==== DATA TO EXAMINE

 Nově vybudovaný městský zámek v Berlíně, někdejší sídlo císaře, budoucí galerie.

========
==== DATA TO EXAMINE

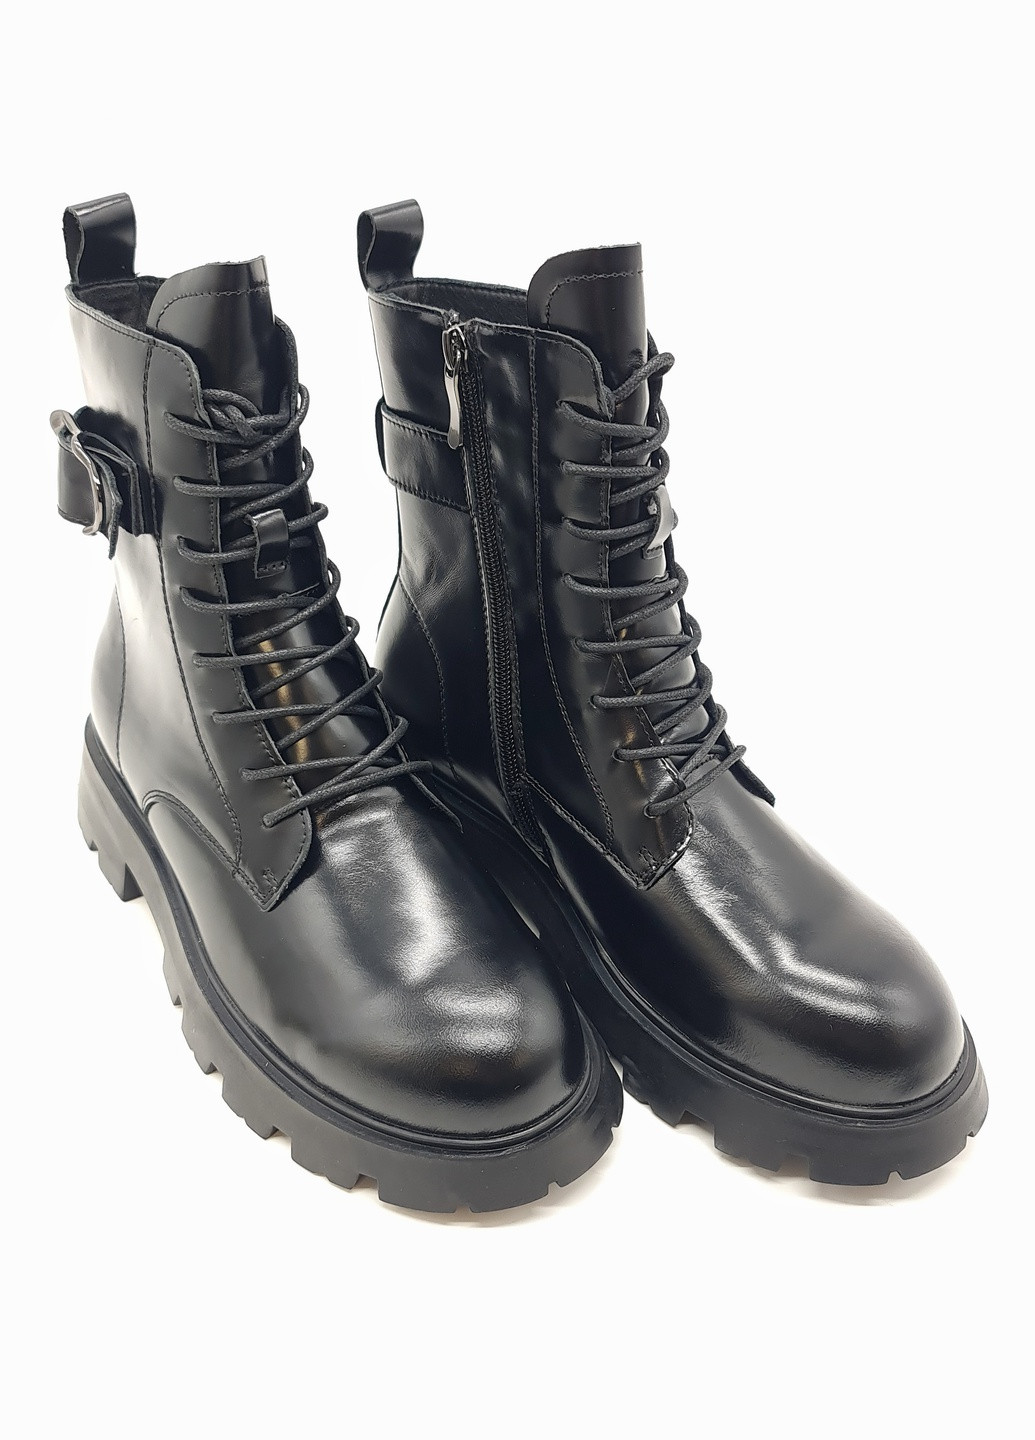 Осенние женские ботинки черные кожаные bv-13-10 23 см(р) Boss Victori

========
==== DATA TO EXAMINE

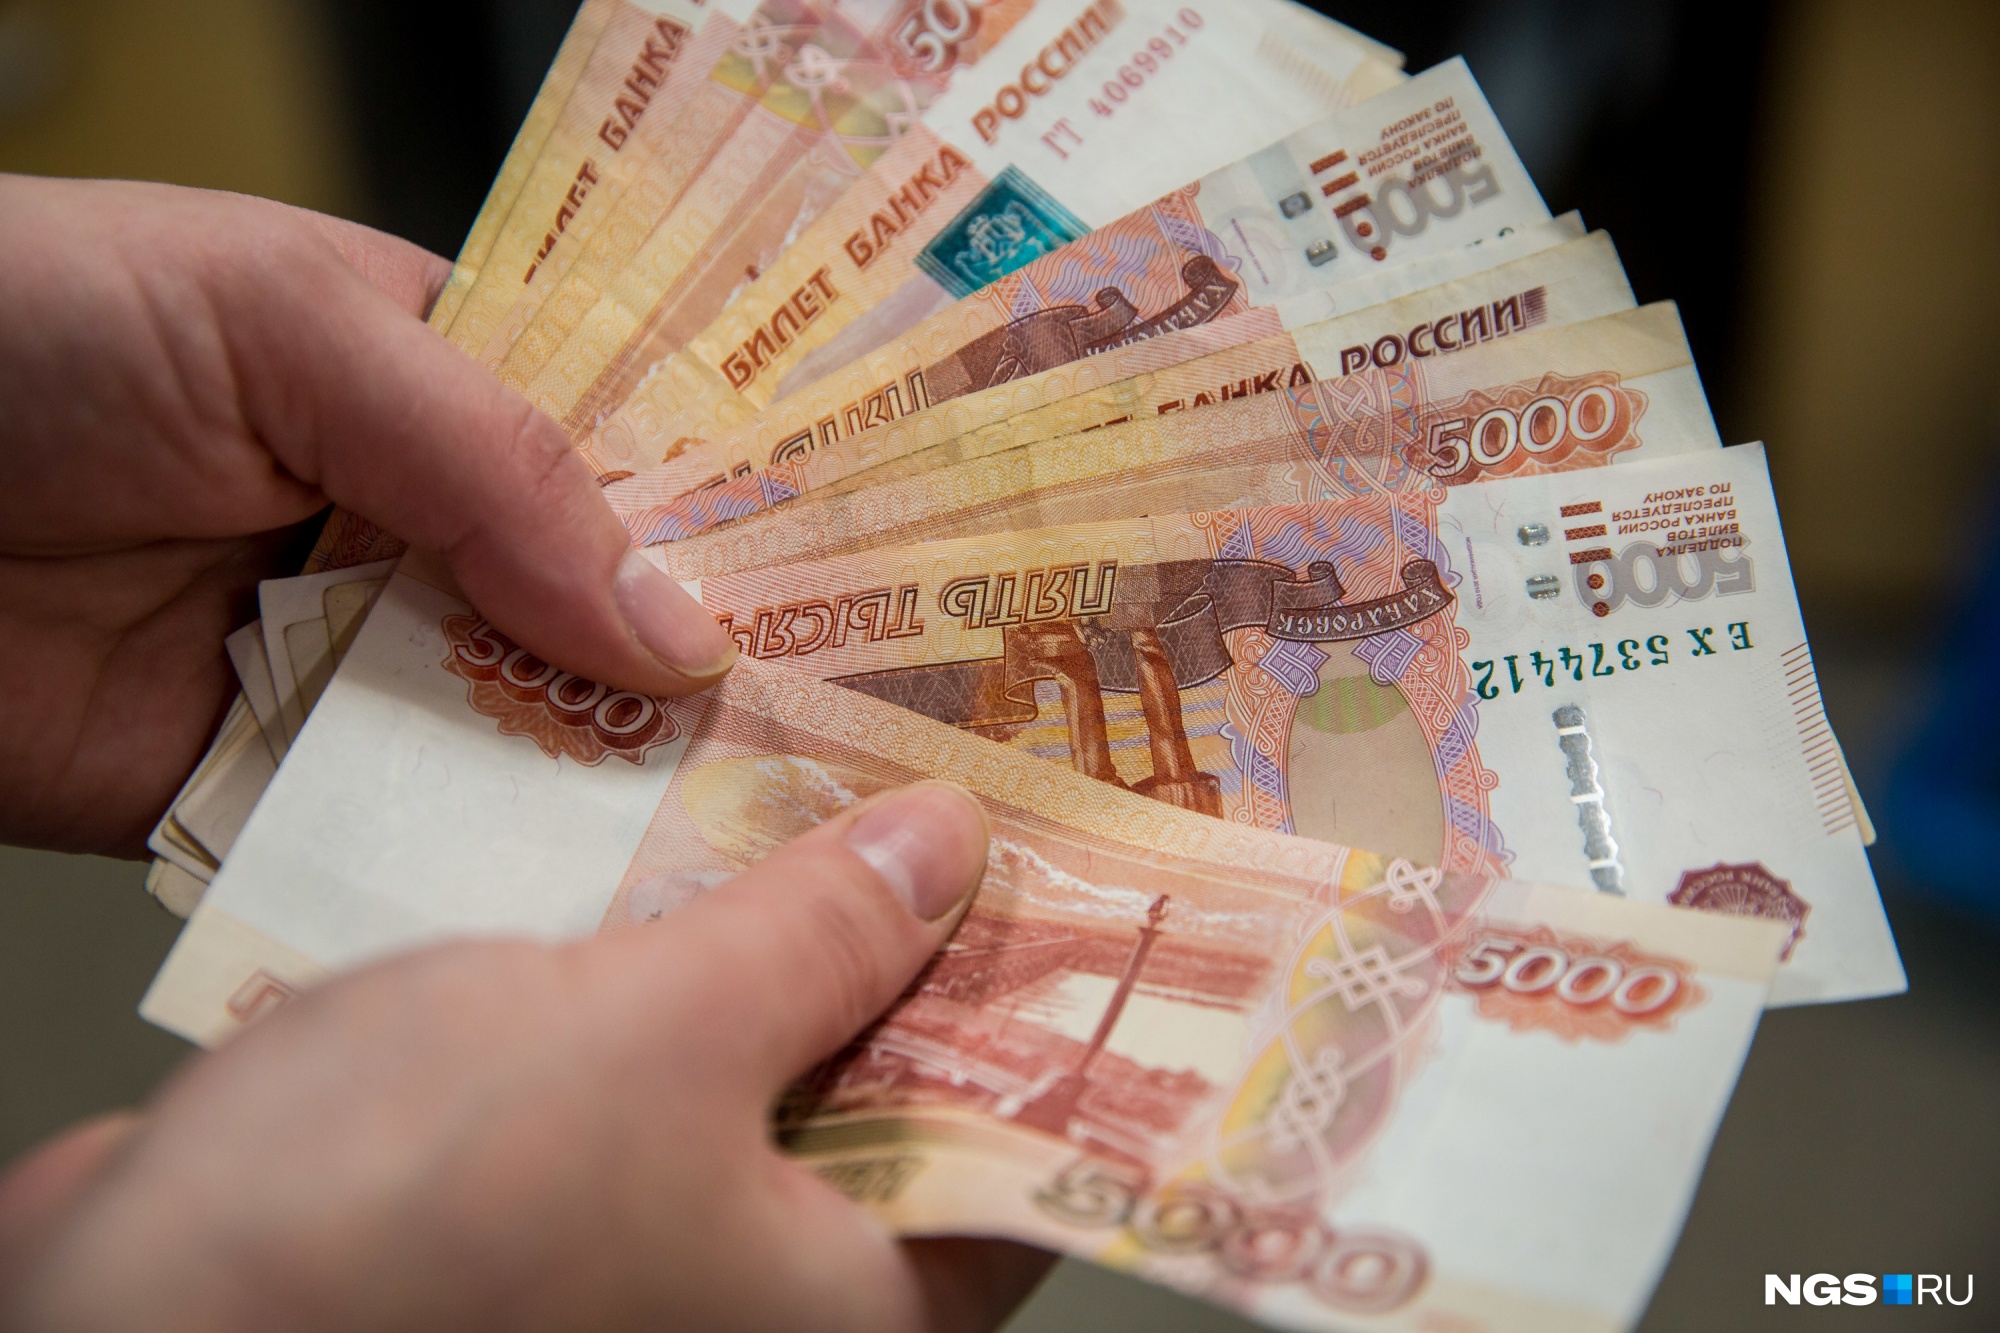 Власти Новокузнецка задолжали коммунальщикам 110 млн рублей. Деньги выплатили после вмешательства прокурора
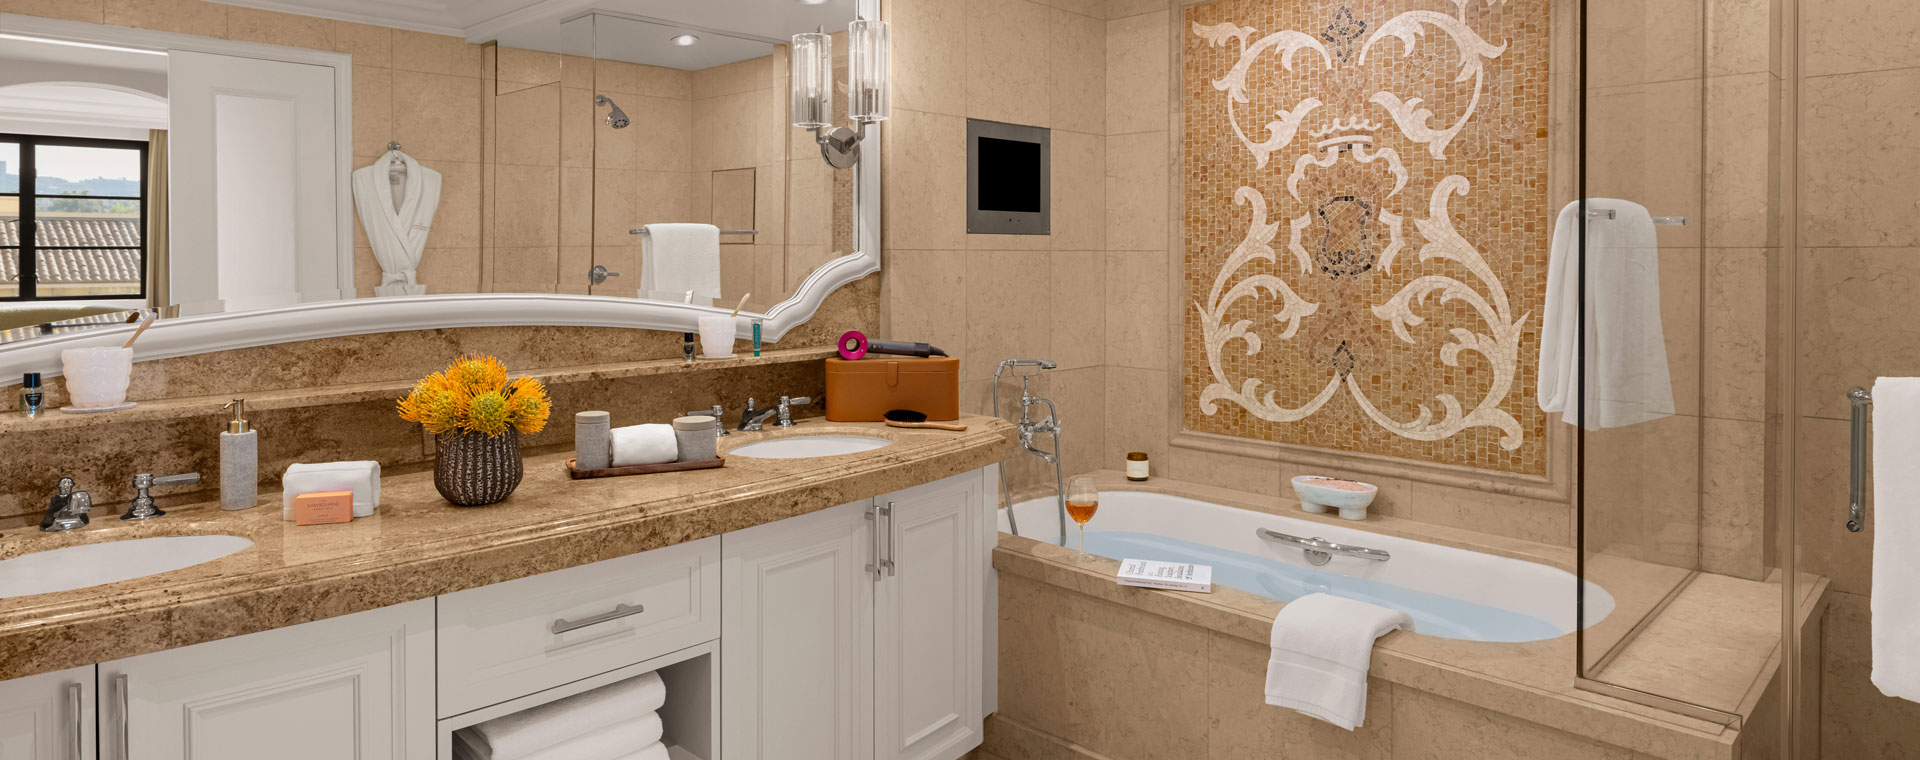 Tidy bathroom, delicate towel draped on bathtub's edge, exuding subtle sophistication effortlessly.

========

WHAT YOU HAVE TO DO: In the records above, find the line with "Власти Новокузнецка задолжали" and the line with "Tidy bathroom, delicate". Write out exactly those lines and every one between, with no pictures and no other lines.

RESPONSE FOR THIS EXERCISE:
 Власти Новокузнецка задолжали коммунальщикам 110 млн рублей. Деньги выплатили после вмешательства прокурора
 Tidy bathroom, delicate towel draped on bathtub's edge, exuding subtle sophistication effortlessly.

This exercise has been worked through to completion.